Федору с отцом велено было зайти в дом раздеваться, а остальные четверо — мать, Гордей, Агния и Ульяна — взялись разгружать нарты и носить добычу в холодную половину избы. Федор освободил Бусько от упряжи и вслед за отцом вошел в дом.

…Новости поведал в основном Гордей. А остальные иногда что-то уточняли, добавляли опущенные им детали. Всего-то два с половиной года обретался Гордей в чужих краях, а досталось ему и горького и соленого… И окопной грязью умылся, и собственной кровушкой. И кости ломало: правое предплечье разбило осколком снаряда — вот и отпустили его домой, долечиваться.

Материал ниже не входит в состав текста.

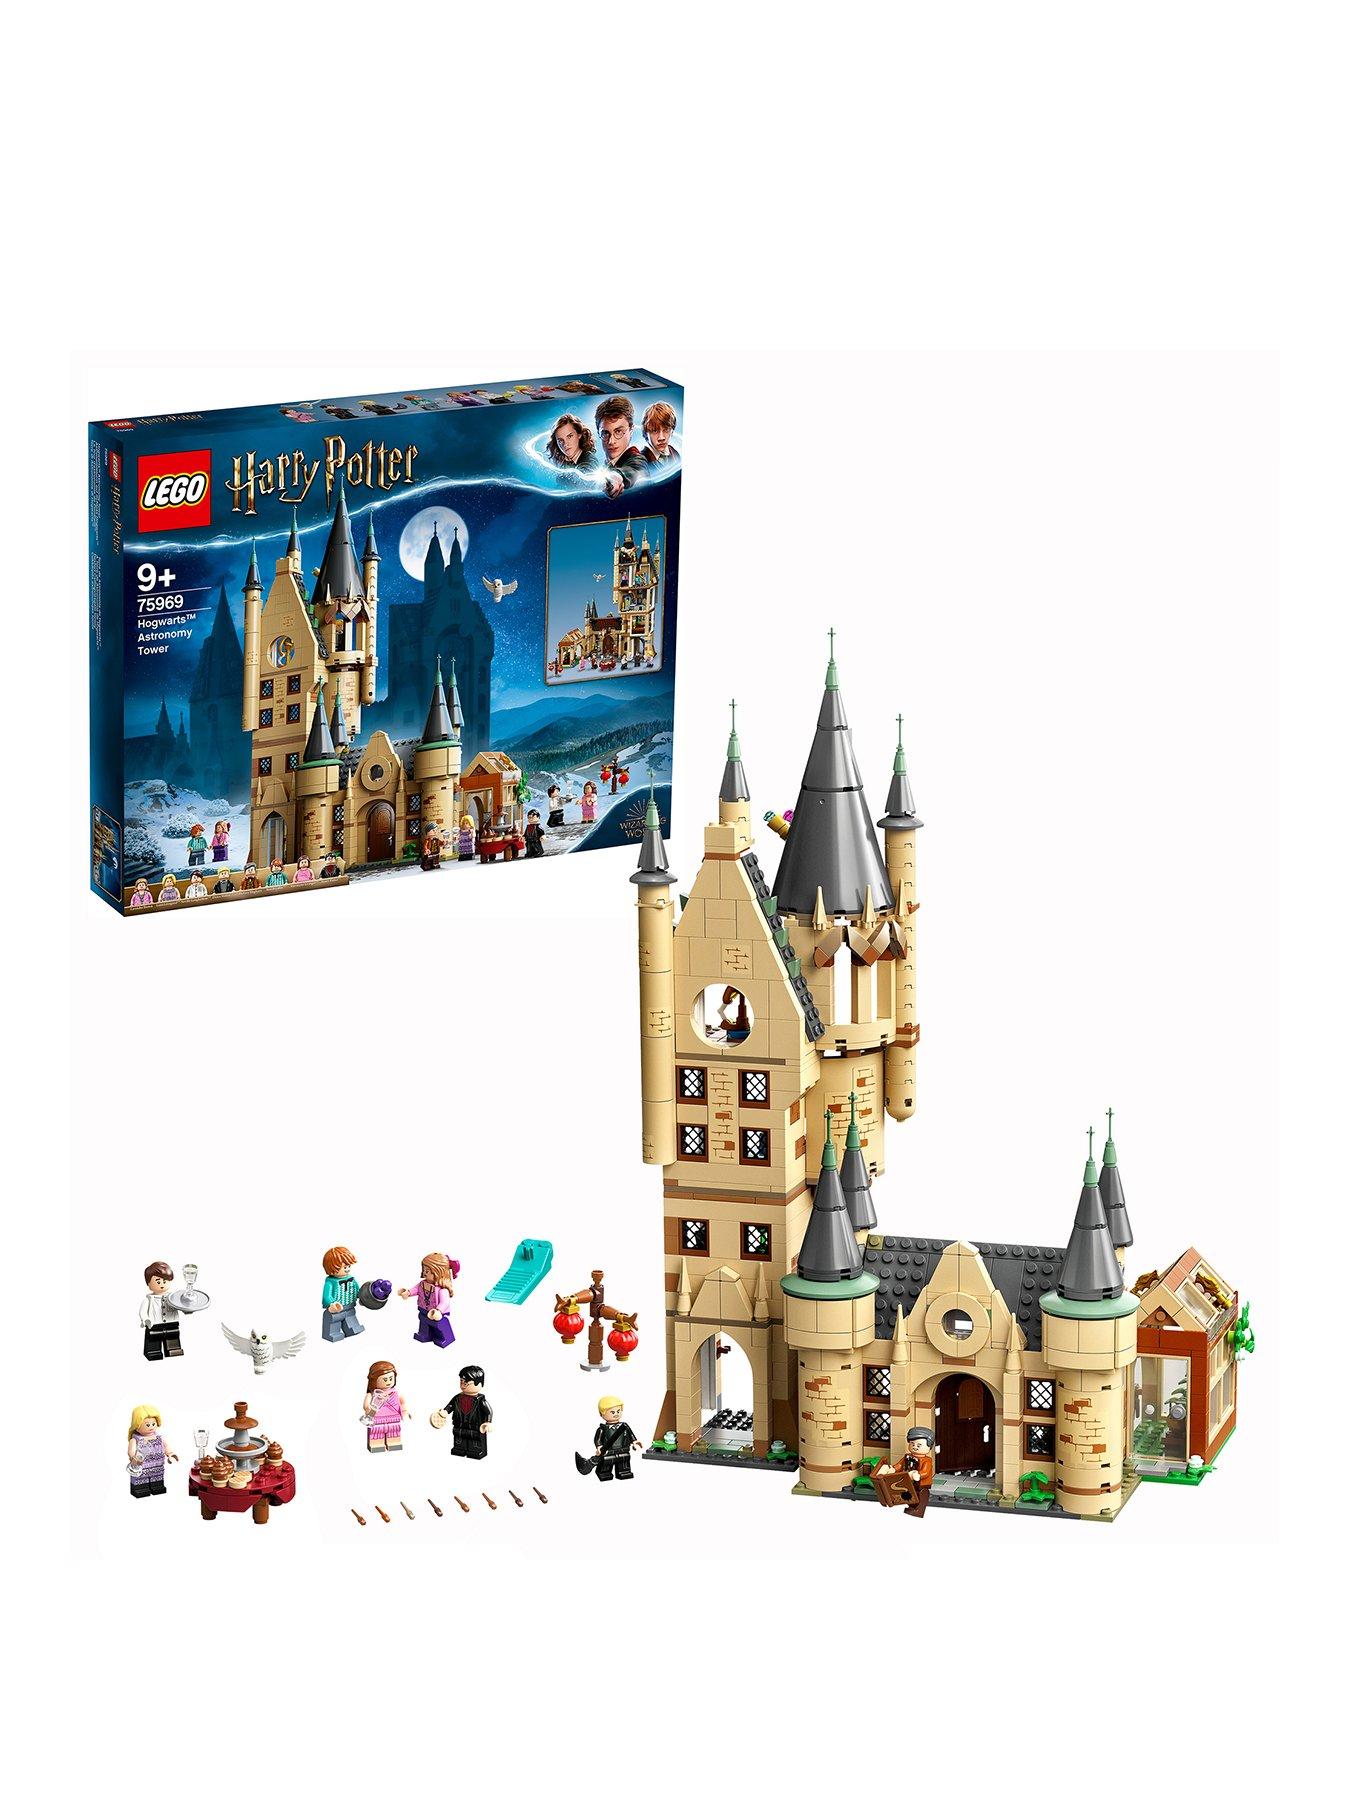 Details about   Harry potter hogwarts building bricks bote clock tower Puzzle building block toy

Федор смотрел на младшего брата и удивлялся: совершенный мужик вырос, не узнать прежнего Гордюху. Когда Федор сам уходил на флот, Гордею шел семнадцатый год, охотился он и работал наравне со взрослыми, это уж как положено — но был все-таки пацаном. А теперь вот погляди: вроде и не особо вырос, и вширь еще не так чтобы раздался, кость еще не мужицкая, — но оч-чень стал взрослый. И, кажись, умнющий парняга. Выходит, есть еще бог на свете! Уж какие смутные времена наступили — а собралась-таки семья Тулановых за одним столом. Через боль, через кровь, через немецкое железо, через свои, российские, сдвиги — а собрались. Да еще и невестка, работящая, да дочка на выданье — слава богу, все тут.

Мать, натаскав на стол угощения, не спеша многократно перекрестилась и села на постоянное свое место.

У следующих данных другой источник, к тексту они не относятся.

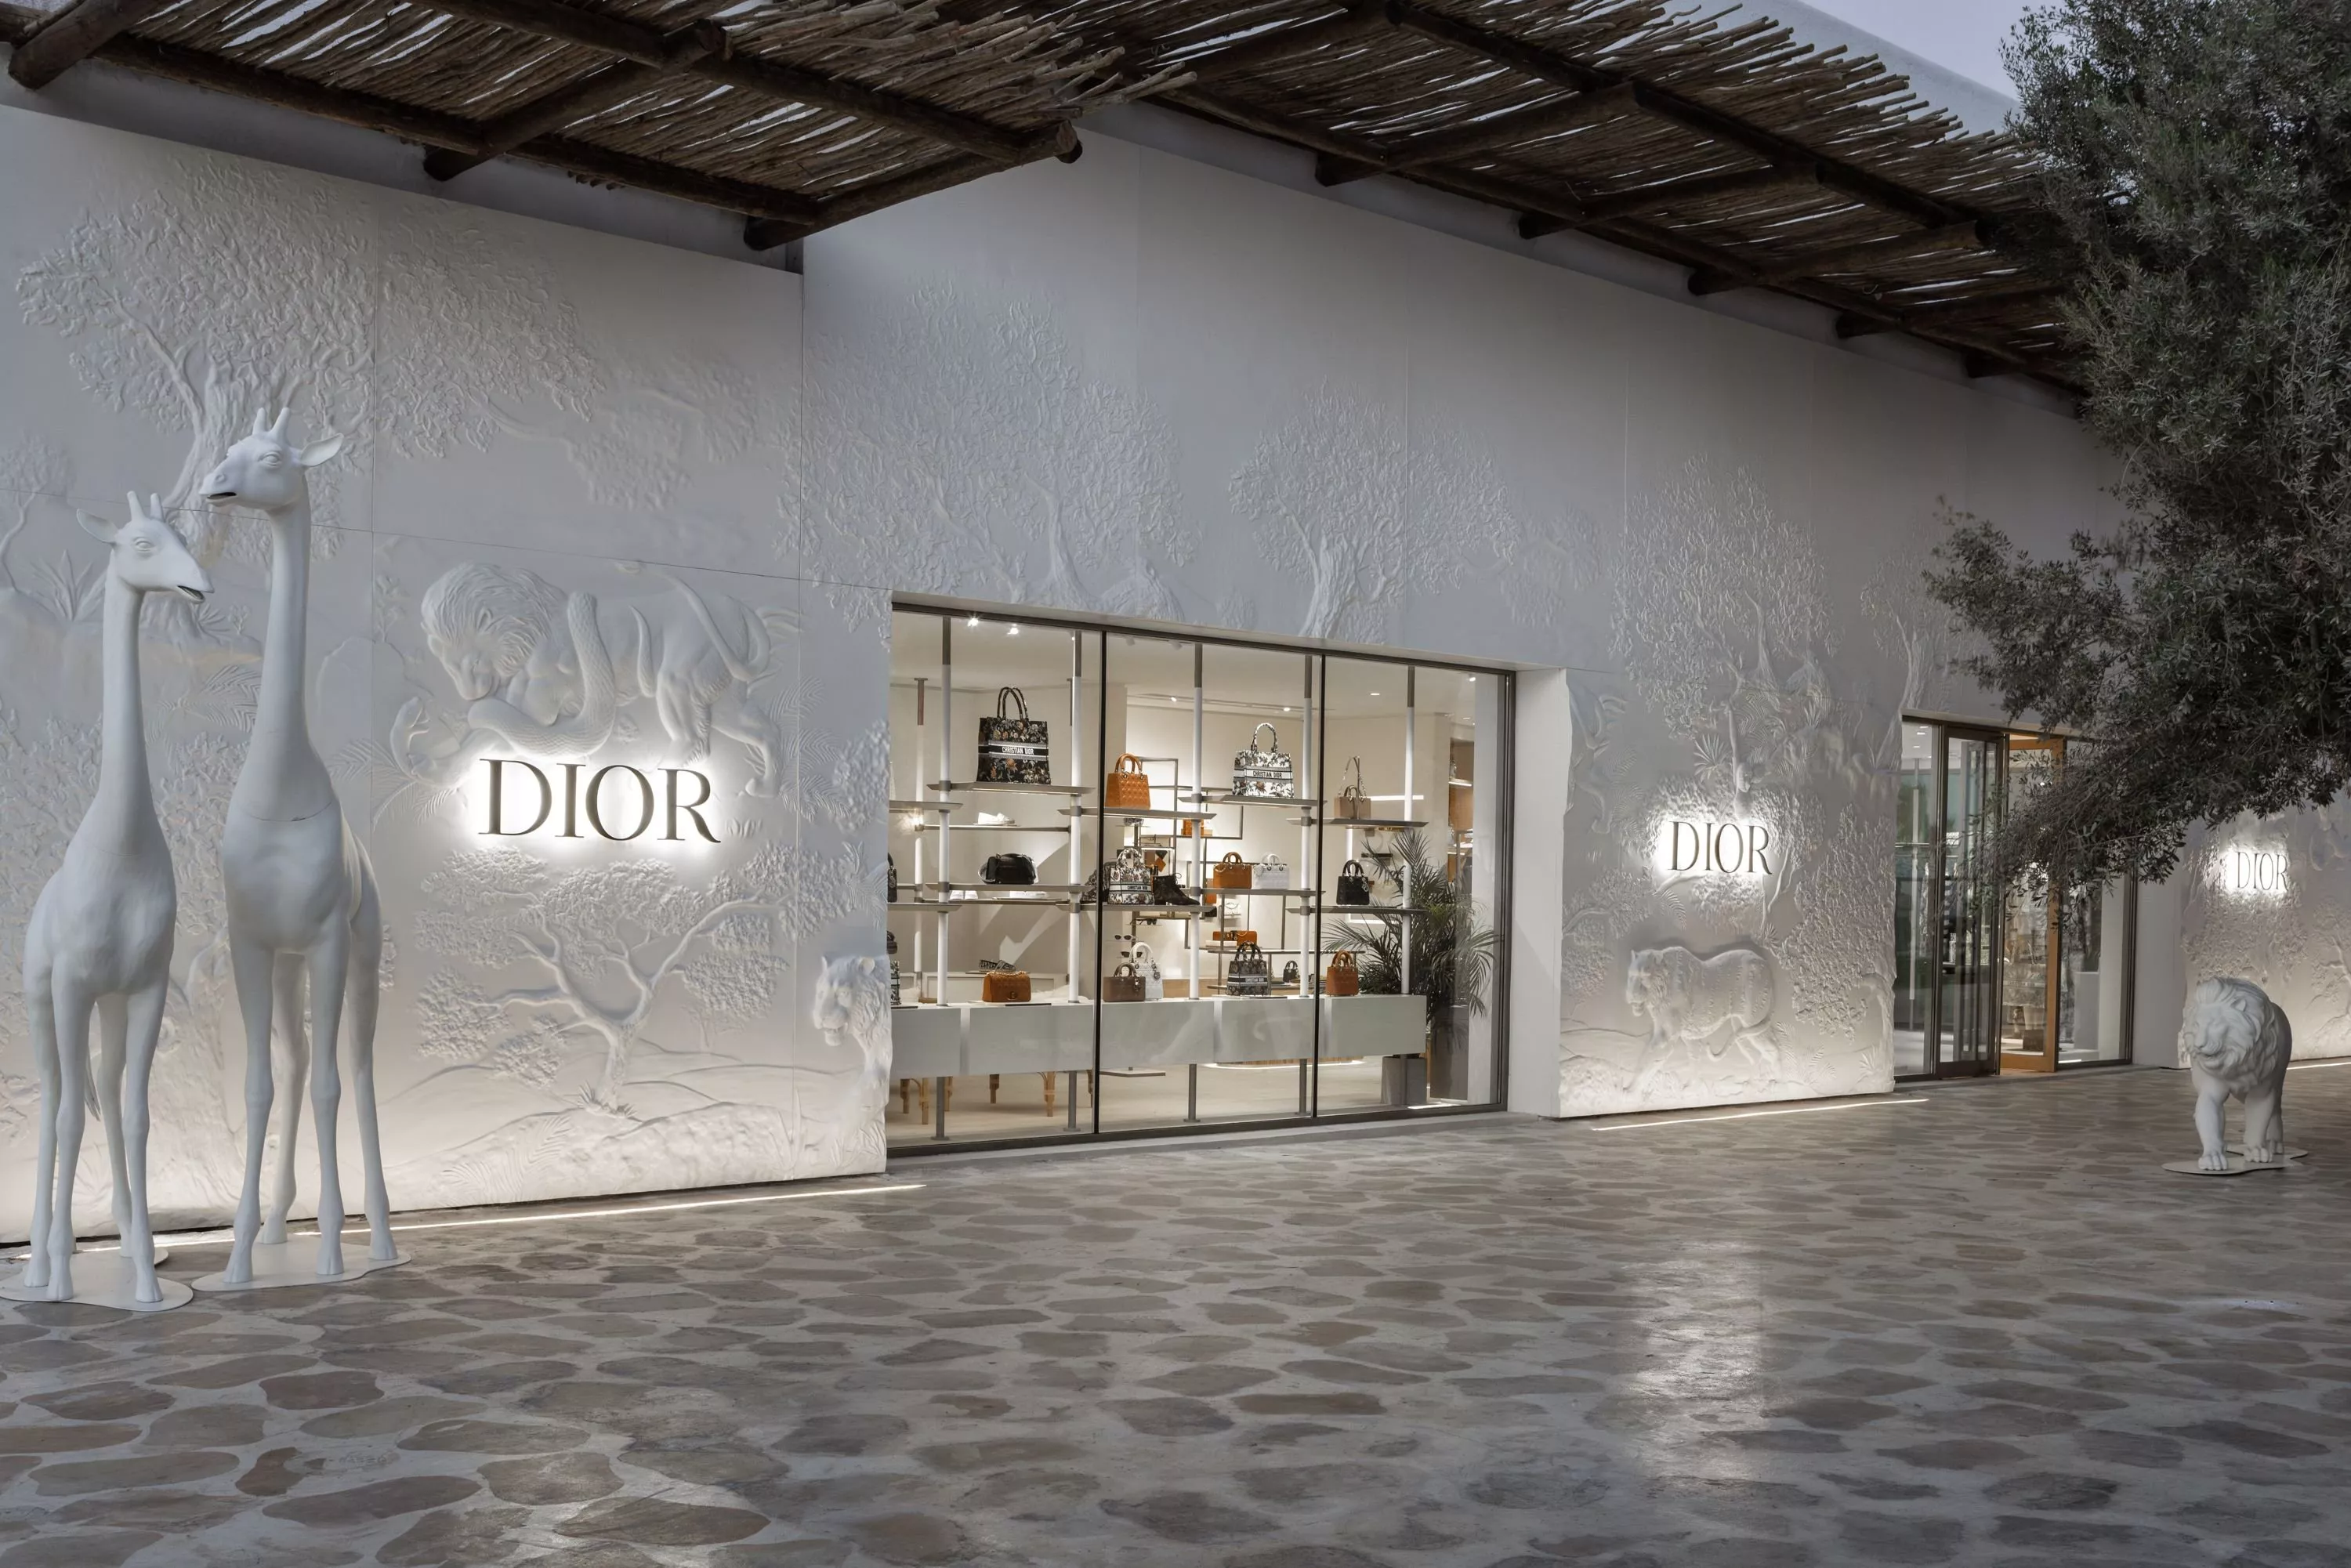 Dior تكشف عن سلسلة من متاجرها الدائمة والمؤقّتة في قلب الدوحة

— Ешьте, дитятки. Сегодня щи пустые, дак уж сготовлено, надо съесть. Завтра наварим супу из глухарки, наши добытчики-кормильцы принесли, спасибо им, господи благослови…

— Что попалось, то и доставили, — просто сказал отец. — Федору еще раз придется сходить на Ошъель, там осталось маленько. И дичины, и заячьих туш…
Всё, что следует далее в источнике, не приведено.